First up are M. Houle’s interests, including the overriding objective of the school. (e.g. promote constructive educational dialogue). Determining the latter will be a conversation given the published University “mission” statement, which is not clear enough to be workable.

Taking the overall goal into account with other interests (e.g. increase Ottawa U’s global reputation: mission accomplished on that one!) M. Houle would ask himself if bringing Ann Coulter to the university serves his purposes without compromising the overall goal. (There are some serious assumptions made before ticking “yes” to this, but let’s make them.)

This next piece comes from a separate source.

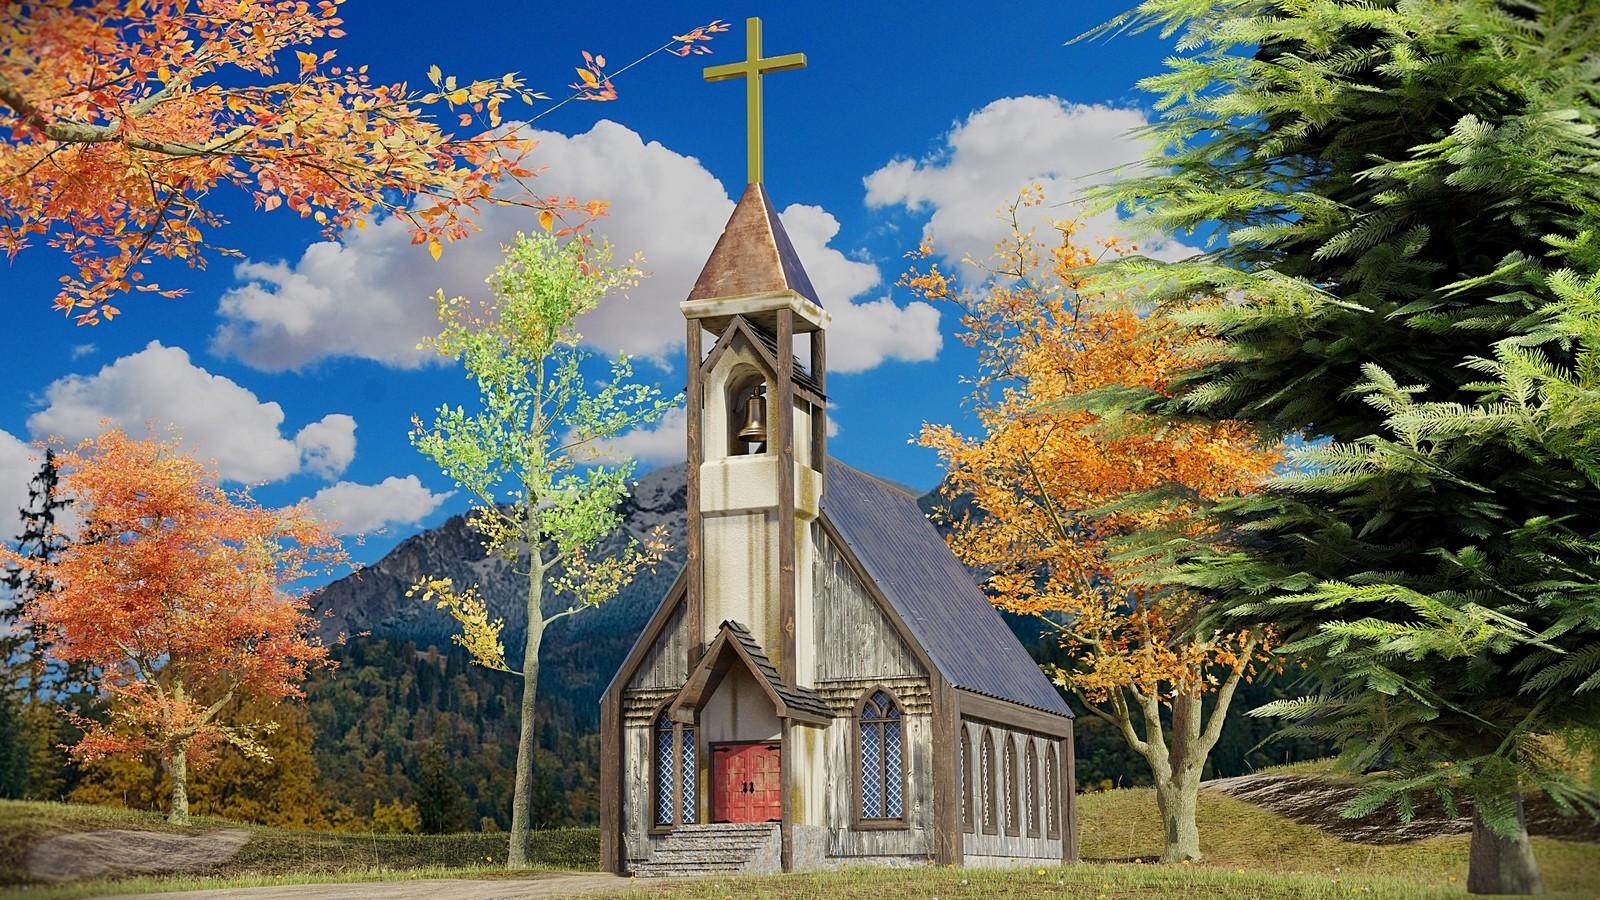 Old Country Church Scene - Realistic Tree Asset Pack (Steve Lund, CGGeek)  - Grass Essentials (Andrew Price, Blender Guru)

M. Houle them selects between different negotiation strategies based on (1 or X-axis) the importance of demonstrable outcomes, and (2 or y-axis) the importance of the ongoing relationship with the other party. This becomes a 2×2 grid, across the axes of “low” to “high” for each dimension; the strategies are AVOID (low and low), ACCOMMODATE (relationship trumps outcome), COMPETE (outcome trumps relationship) and COLLABORATE (high and high). To oversimplify, we will call the single demonstrable outcome “a safe campus event” and the relationship is, obviously, with Ann Coulter and by association.

By sending his warning letter to Ann Coulter, M. Houle was executing on a COMPETITIVE strategy, which marks a strategic error. If you can’t have a safe event with her there, don’t invite her (AVOID). If you want to try to work with her to ensure the discourse remains constructive and educational, give her a phone call: dialogue is conducive–and necessary–to collaboration. Competitive tactics (e.g. strongly worded and public letters) invite retribution. Find her response on her blog, in public, for all to see.

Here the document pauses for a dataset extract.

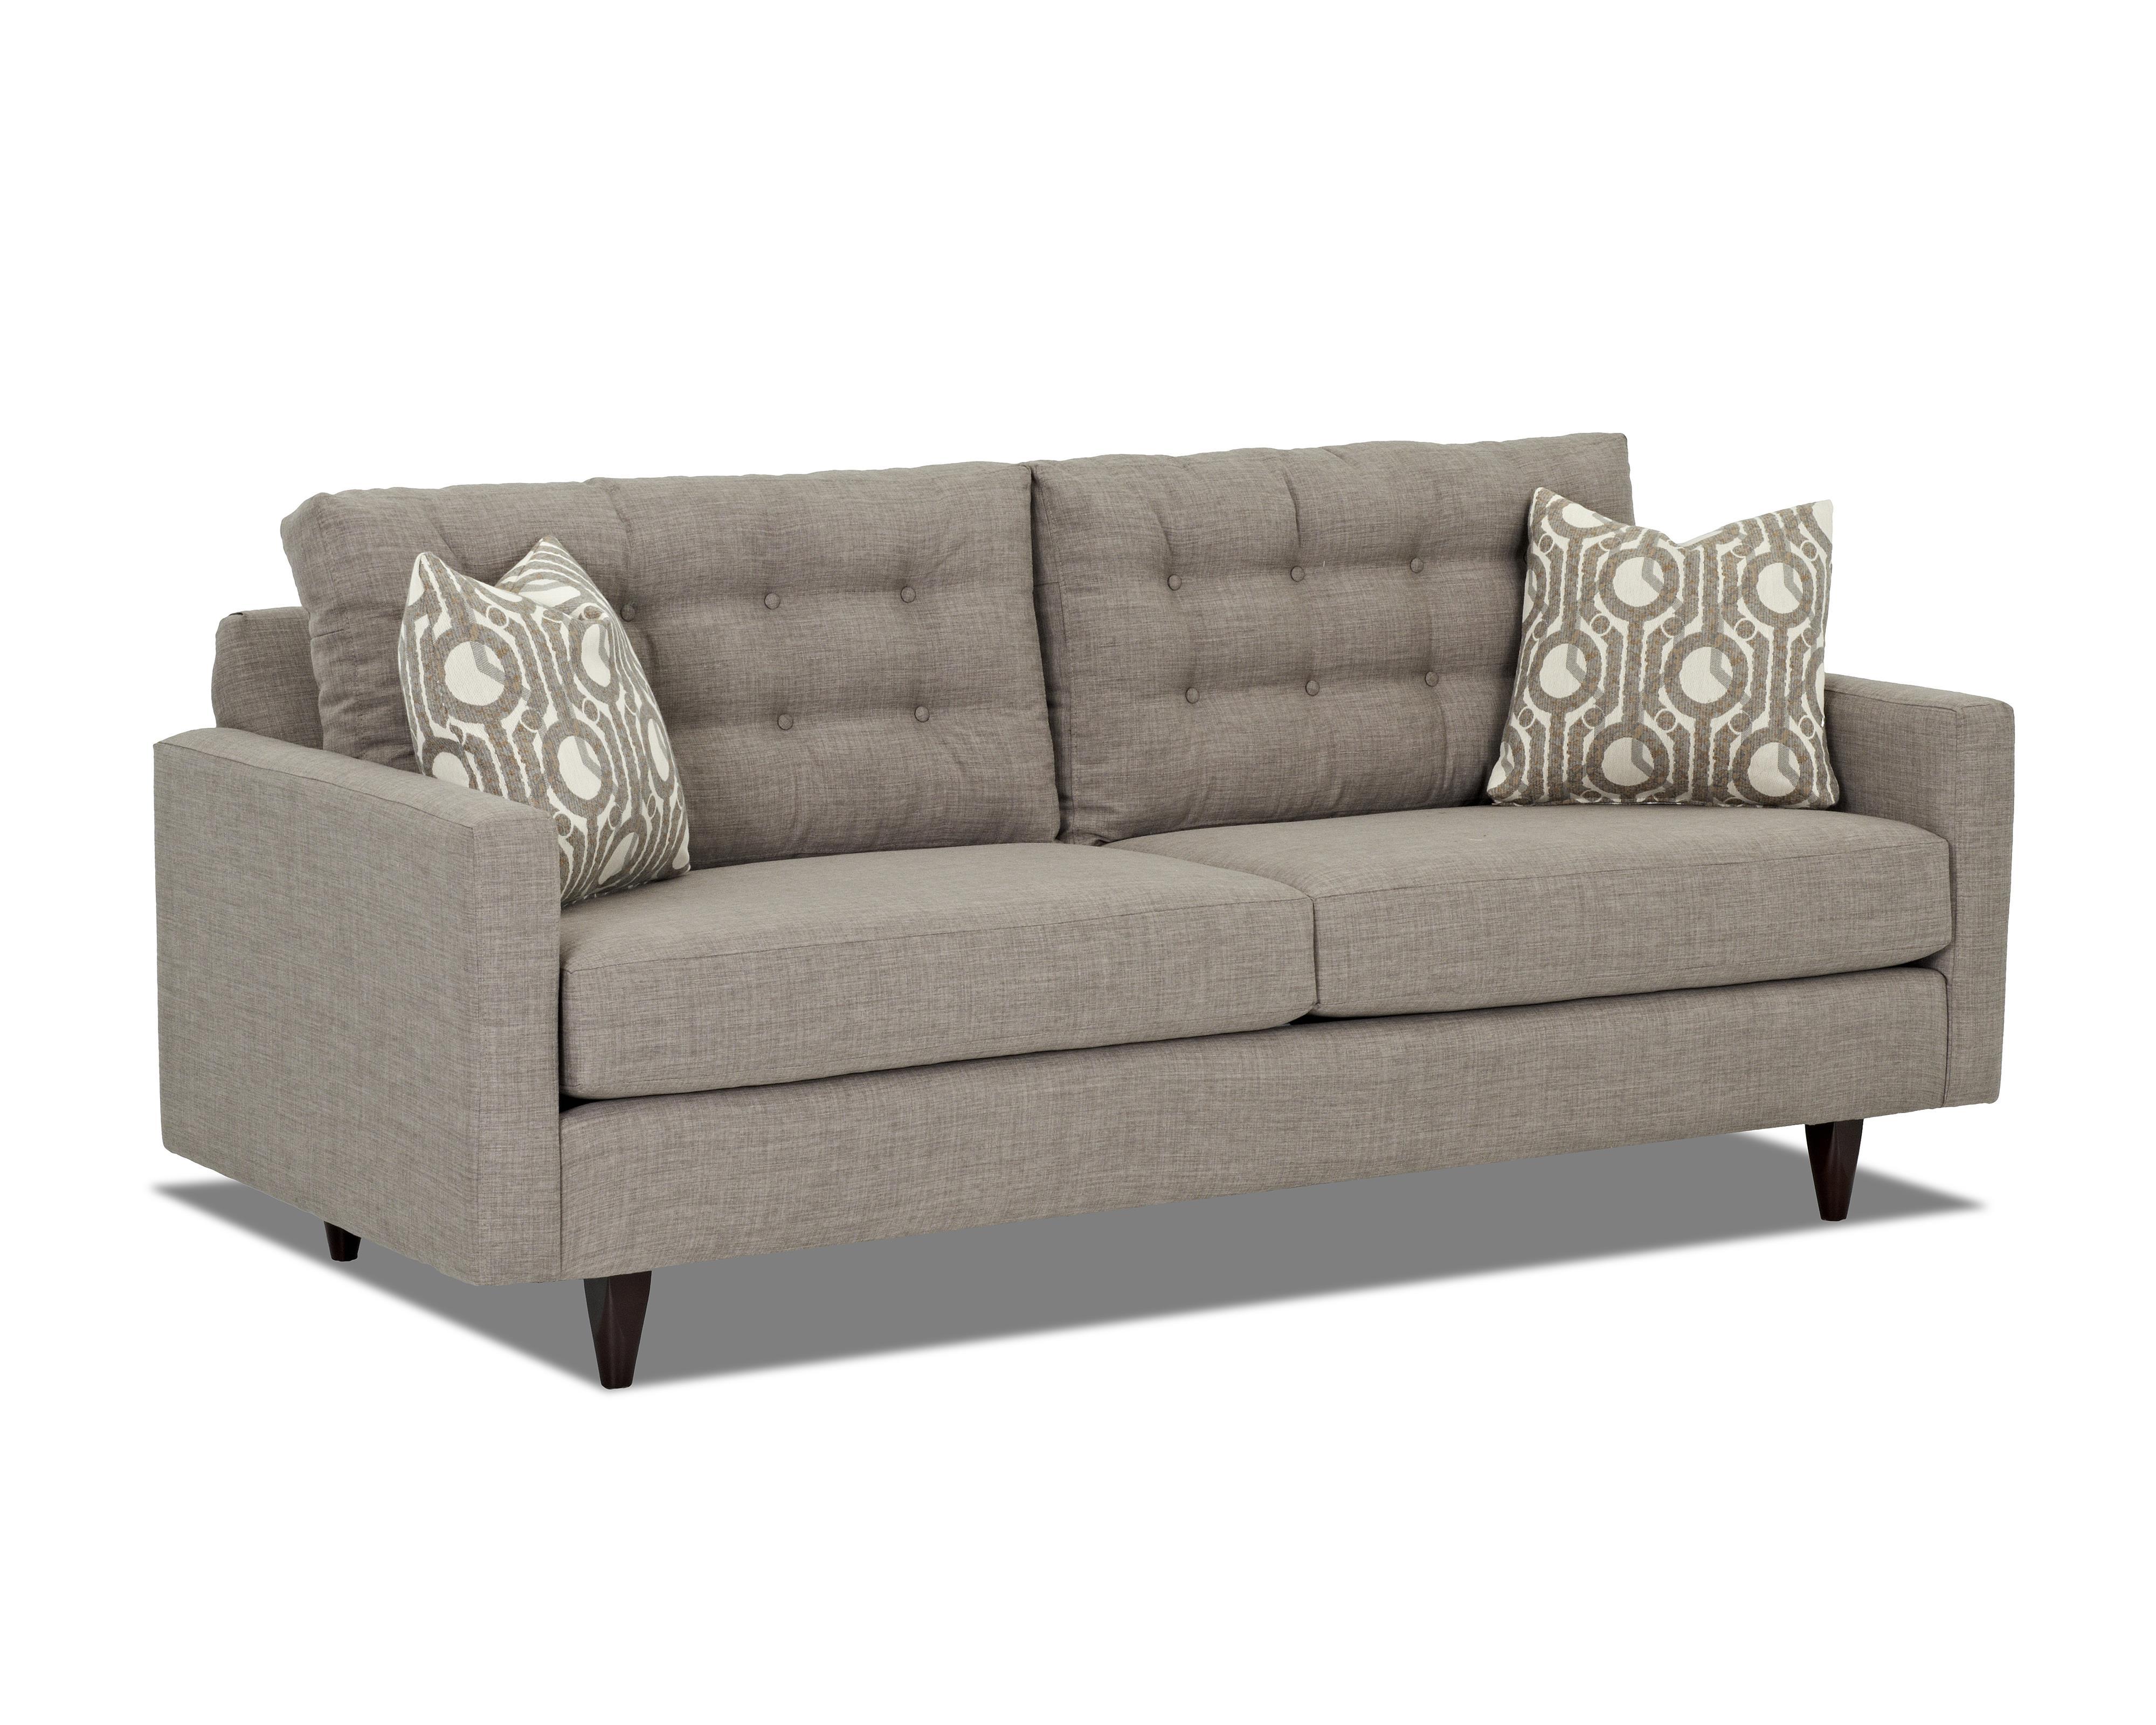 Klaussner Craven  Sofa - Item Number: K30520 S-FandangoStone

Oh, the difference made by little things. Had M. Houle engaged Ms. Coulter in private dialogue and raised his concerns and hopes for, for example, a safe event, this would play out differently and much more positively for the University. Had she not been interested in this kind of discussion and responded in a competitive/combative manner, he could move to “AVOID” and be done with it.

We will never know how receptive Ms. Coulter would have been to such a phone call prior to the event. I wonder if such conversations took place in Calgary. We can’t know, because such discussions are kept necessarily informal and non-public, which is where such collaboration sometimes has it’s best chance.